HOW YOU WILL CONTRIBUTE AND WHAT YOU WILL LEARN
- Architect and develop AI/ML use cases on Cloud, driving projects from discovery and proof of concept through industrialization, deployment, and ongoing maintenance.
- Mentor and guide junior engineers in defining robust methodologies and evaluating the most effective technical solutions.
- Propose, implement, test, and select optimal machine learning algorithms by leveraging advanced statistical tools and data science techniques to uncover insights and generate accurate predictions.
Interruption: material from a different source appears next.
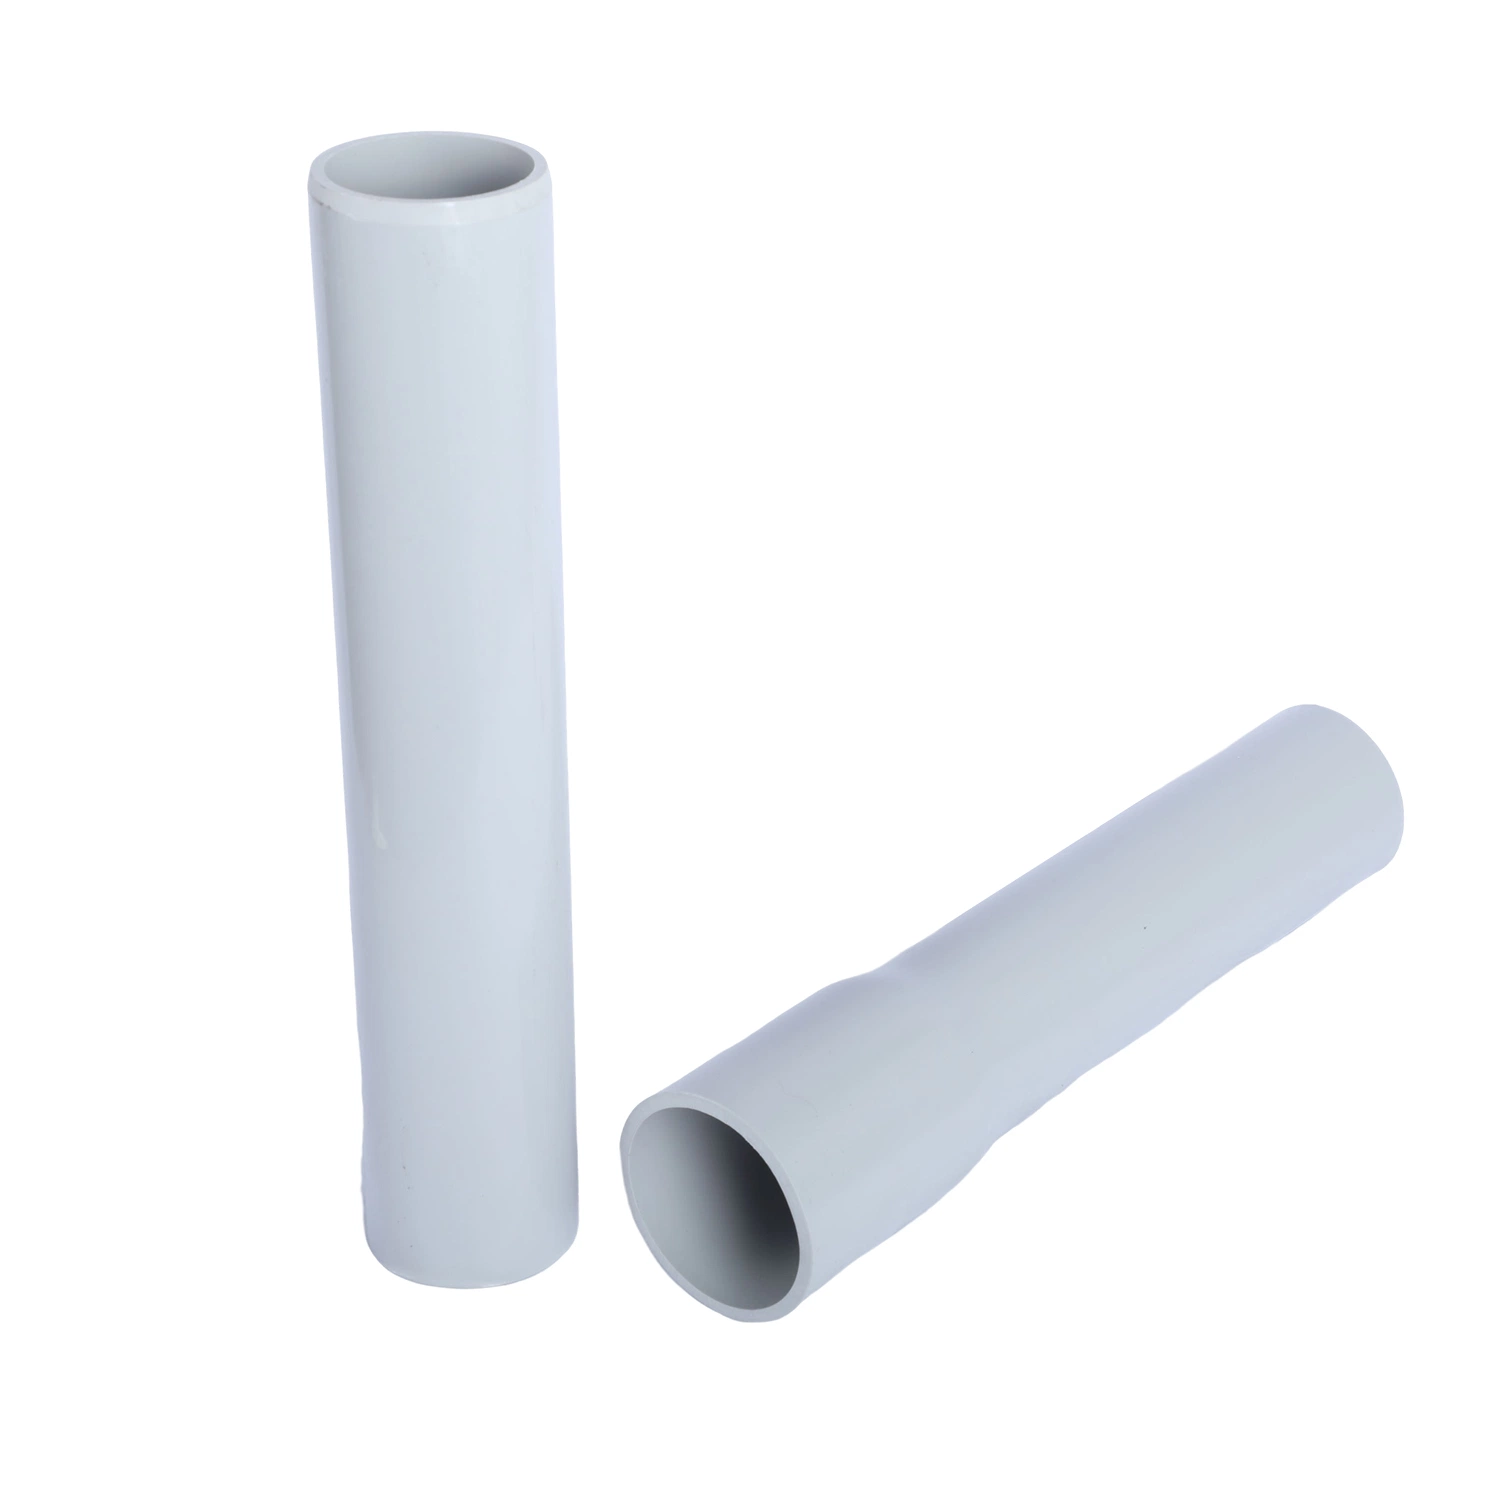 أنبوب بلاستيكي PVC كهربائي مطوي للأسلاك و خرطوم الطبقة المسطحة من مادة PVC (دائرة ظاهرية دائمة) للحماية من الكابلات

- Drive the rapid scaling and integration of AI and ML technologies to enhance system performance and support strategic business objectives.
KEY SKILLS AND EXPERIENCE
You have:
- Bachelor’s or master’s degree in computer science, Engineering, or related field with 8+ years of experience in machine learning, data science, and statistics.
- Expertise in ML algorithms with strong Python and SQL skills, including Jupyter notebooks.
- Proven knowledge of GenAI and Agentic AI technologies.
- Hands-on experience with MLOps tools like Kubeflow, Vertex AI, and GenAI/LLMops.
- Grip on, Kubernetes, Docker, and microservices architecture.
It would be nice if you also had:
- Experience with OpenAI, Llama, and Lang Chain frameworks.
- Practical experience in Pytest and Rust programming.
- Prior experience developing AI applications in the telecom domain.
- Google Cloud Professional Machine Learning Engineer certification.